## ACTIVITY
Set down all of the entries precisely as they were written.

Items from a data source
┏━━
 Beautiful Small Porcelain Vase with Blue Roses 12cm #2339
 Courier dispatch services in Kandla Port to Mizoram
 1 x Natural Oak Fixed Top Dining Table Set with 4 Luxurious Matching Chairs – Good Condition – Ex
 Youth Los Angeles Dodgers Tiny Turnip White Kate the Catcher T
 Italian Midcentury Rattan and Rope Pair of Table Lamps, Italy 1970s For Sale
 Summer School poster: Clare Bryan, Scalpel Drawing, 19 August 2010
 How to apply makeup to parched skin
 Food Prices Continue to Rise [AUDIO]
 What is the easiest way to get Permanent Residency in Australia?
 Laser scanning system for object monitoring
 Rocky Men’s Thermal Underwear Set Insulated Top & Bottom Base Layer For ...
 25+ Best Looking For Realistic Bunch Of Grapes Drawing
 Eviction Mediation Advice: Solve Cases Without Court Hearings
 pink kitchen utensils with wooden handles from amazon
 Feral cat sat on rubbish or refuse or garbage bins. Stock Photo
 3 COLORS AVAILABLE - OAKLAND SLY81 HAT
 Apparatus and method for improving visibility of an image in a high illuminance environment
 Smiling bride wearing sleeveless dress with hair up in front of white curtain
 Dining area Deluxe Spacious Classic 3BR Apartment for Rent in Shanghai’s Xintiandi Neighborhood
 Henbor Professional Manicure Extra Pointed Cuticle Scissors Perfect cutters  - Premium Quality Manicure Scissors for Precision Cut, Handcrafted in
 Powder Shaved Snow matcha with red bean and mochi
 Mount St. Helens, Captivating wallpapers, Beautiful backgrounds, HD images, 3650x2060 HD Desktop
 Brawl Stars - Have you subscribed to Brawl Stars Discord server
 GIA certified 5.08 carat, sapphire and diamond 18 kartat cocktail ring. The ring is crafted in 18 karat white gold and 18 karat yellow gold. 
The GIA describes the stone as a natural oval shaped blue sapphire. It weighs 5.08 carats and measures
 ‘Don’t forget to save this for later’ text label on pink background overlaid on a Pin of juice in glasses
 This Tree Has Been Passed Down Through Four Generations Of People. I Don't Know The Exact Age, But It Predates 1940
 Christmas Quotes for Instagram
┗━━
## EXERCISE RESPONSE
 Beautiful Small Porcelain Vase with Blue Roses 12cm #2339
 Courier dispatch services in Kandla Port to Mizoram
 1 x Natural Oak Fixed Top Dining Table Set with 4 Luxurious Matching Chairs – Good Condition – Ex
 Youth Los Angeles Dodgers Tiny Turnip White Kate the Catcher T
 Italian Midcentury Rattan and Rope Pair of Table Lamps, Italy 1970s For Sale
 Summer School poster: Clare Bryan, Scalpel Drawing, 19 August 2010
 How to apply makeup to parched skin
 Food Prices Continue to Rise [AUDIO]
 What is the easiest way to get Permanent Residency in Australia?
 Laser scanning system for object monitoring
 Rocky Men’s Thermal Underwear Set Insulated Top & Bottom Base Layer For ...
 25+ Best Looking For Realistic Bunch Of Grapes Drawing
 Eviction Mediation Advice: Solve Cases Without Court Hearings
 pink kitchen utensils with wooden handles from amazon
 Feral cat sat on rubbish or refuse or garbage bins. Stock Photo
 3 COLORS AVAILABLE - OAKLAND SLY81 HAT
 Apparatus and method for improving visibility of an image in a high illuminance environment
 Smiling bride wearing sleeveless dress with hair up in front of white curtain
 Dining area Deluxe Spacious Classic 3BR Apartment for Rent in Shanghai’s Xintiandi Neighborhood
 Henbor Professional Manicure Extra Pointed Cuticle Scissors Perfect cutters  - Premium Quality Manicure Scissors for Precision Cut, Handcrafted in
 Powder Shaved Snow matcha with red bean and mochi
 Mount St. Helens, Captivating wallpapers, Beautiful backgrounds, HD images, 3650x2060 HD Desktop
 Brawl Stars - Have you subscribed to Brawl Stars Discord server
 GIA certified 5.08 carat, sapphire and diamond 18 kartat cocktail ring. The ring is crafted in 18 karat white gold and 18 karat yellow gold. 
The GIA describes the stone as a natural oval shaped blue sapphire. It weighs 5.08 carats and measures
 ‘Don’t forget to save this for later’ text label on pink background overlaid on a Pin of juice in glasses
 This Tree Has Been Passed Down Through Four Generations Of People. I Don't Know The Exact Age, But It Predates 1940
 Christmas Quotes for Instagram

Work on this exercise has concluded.